Journalist and author David Maraniss provides a well-crafted look at the decline of Detroit in “Once in a Great City.” The book focuses on an 18-month period in 1963-'64, when most of the world thought the city was at its pinnacle. In retrospect, it was on a course to failure.

East Lansing resident A. Brad Schwartz shows readers and writers that there is always a new twist on an old story in his book, “Broadcast Hysteria.” Who would’ve thought that even one more original sentence could be written about the legendary filmmaker Orson Welles? But Schwartz did, aided by his discovery of a little known archival collection of Welles’ papers at the University of Michigan. He puts a new light on some long held myths surrounding Welles’ masterful radio production, “War of the Worlds.”

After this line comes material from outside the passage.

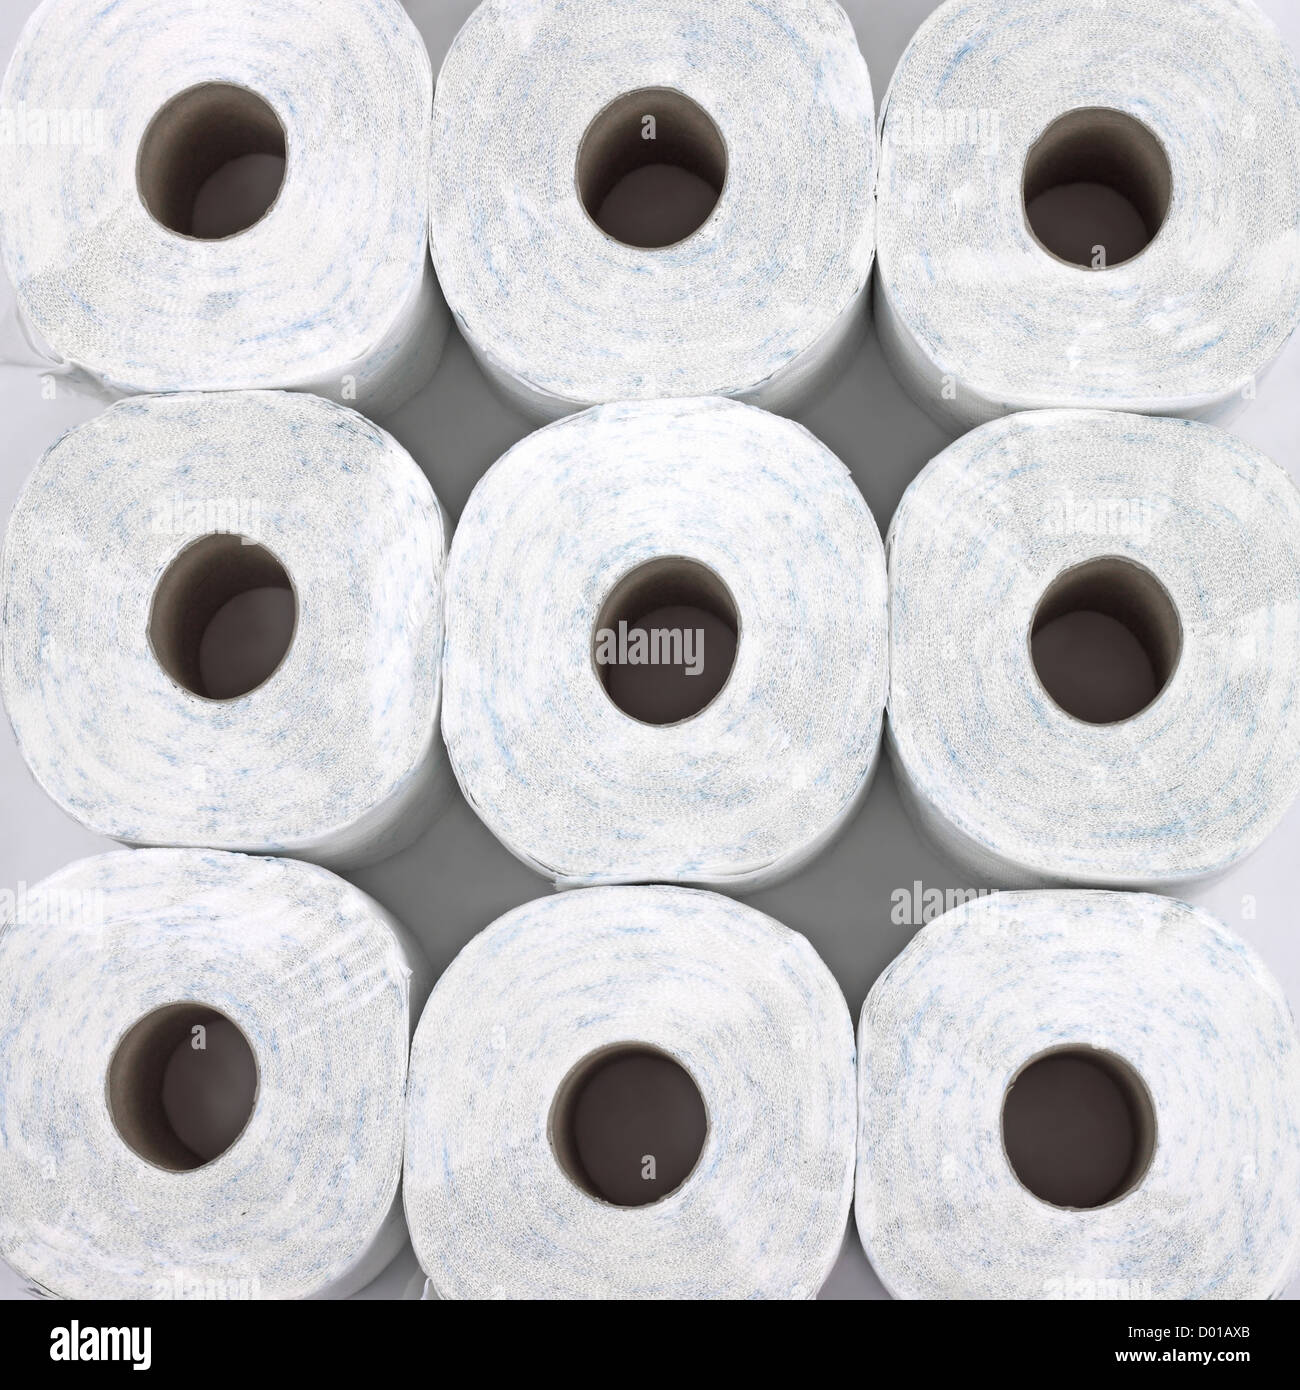 Rolls of toilet paper on a light background Stock Photo

And speaking about archives, public archives, private collectors and members of the Hemingway family have teamed up to publish the letters of Ernest Hemingway in what is expected to be a 14-volume collection. The latest release, “The Letters of Ernest Hemingway: Volume Three,” covers 1926 to 1929. Local history enthusiasts will delight in Hemingway’s letters to his “pal,” John Herrmann of Lansing, congratulating and criticizing him for his book, “What Happens.”

Coincidentally, “What Happens” was published in the U.S. for the first time earlier this year. The coming-of-age novel was banned for obscenity in 1926.

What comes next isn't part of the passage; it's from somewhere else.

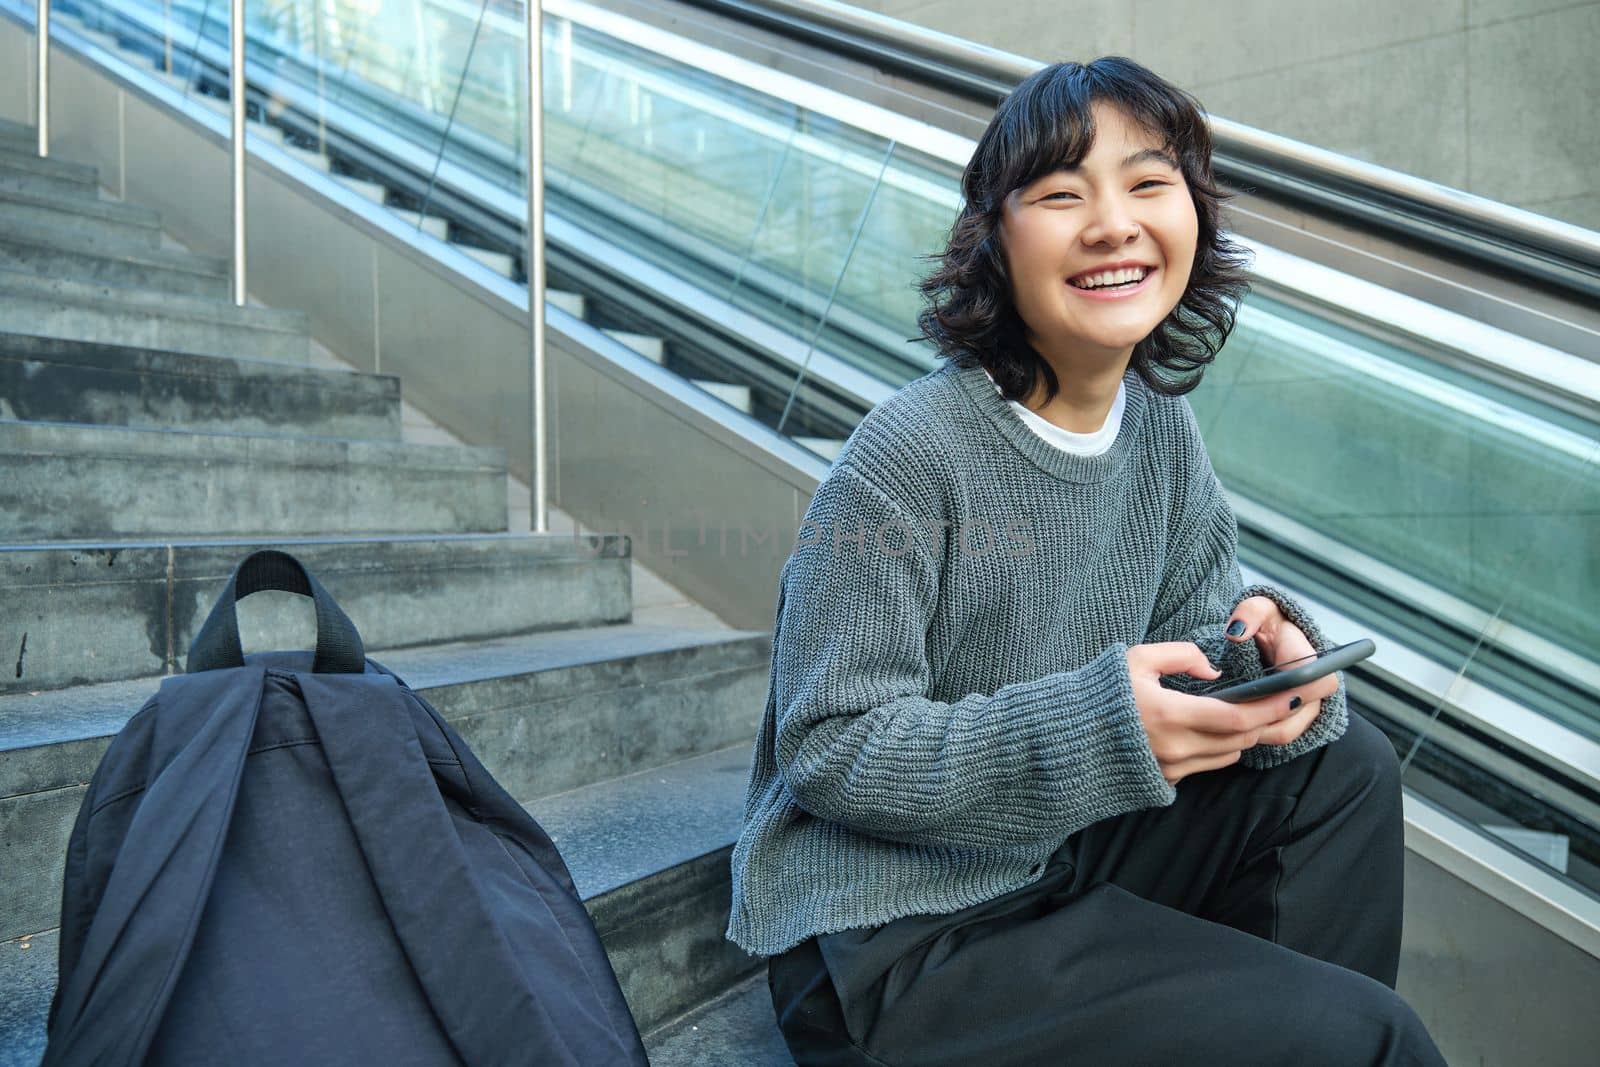 Stylish young girl student, sits on stairs with smartphone and backpack, laughs and smiles, texts message, uses social media.

Without boundary-pushing books like “What Happens,” books like “The Orbit Magazine Anthology,” by podcaster and columnist Rob St. Mary, might not have been possible. Another breakthrough book from the Wayne State University Press, the anthology reproduces Detroitbased alternative publications stretching from the 1970s through the 1990s. Open any page, and it’s likely you will be in sulted and shocked — while still laughing your butt off.

Two outstanding road trip books explore the historical roots and evolution of Michigan’s M-22 and US-12. “Vintage Views Along Scenic M-22,” by Chris Byron and Tom Wilson, takes you on an almost magical trip along Michigan’s glorious lakeshore. “Michigan’s US-12 Heritage Trail” takes you through the middle of Michigan’s heartland. Both provide vivid details about a time before expressways and four-lane highways.

In terms of fiction, three books I reviewed for City Pulse in 2015 shined through. Matt Bell, in his book, “Scrapper,” avoided the sophomore jinx with this gritty urban novel. The book is a tale of love and vengeance, told through the eyes of a scrapper who salvages metal and copper from abandoned buildings in Detroit. Yes, it is dark.

Another Detroit-centric book takes you inside a family in transition. “The Turner House,” by ex- Detroiter Angela Flournoy, was recently named one of the top 100 books of the year by The New York Times. In a fabulist way, Flournoy explores the power of a home in people’s lives.

“Mothers Tell Your Daughters,” by Bonnie Jo Campbell, will make you squirm in your seat. Campbell’s short stories are reminiscent of Raymond Carver and Flannery O’Connor as she explores issues of abuse and sexuality.

There are two books it seems I should have read last year. Helen McDonald’s “H is for Hawk” has been described as the “Zen and the Art of Motorcycle Maintenance” for the bird world. “All the Light We Cannot See,” by Anthony Doerr, takes readers to Nazi Germany and shows how humanity thrives when darkness envelops the world.

One book of some note which I couldn’t finish was “City on Fire,” by Garth Risk Hallberg. Published with much anticipation and a $2 million advance, Hallberg’s debut novel begins to lose its zest around page 600. As I tried to trudge through the last 300 pages, I no longer cared who did it or why. Set in 1970s New York, the book sometimes soars, and the characters of that era are dead on, but the book needed fewer pages and more focus.

And finally, “The Life-Changing Magic of Tidying Up” by Marie Kondo is a book I won’t read. With New Year’s Day and its resolutions just around the corner, I’m sure this will appeal to some readers. But it doesn’t sound like much fun to me.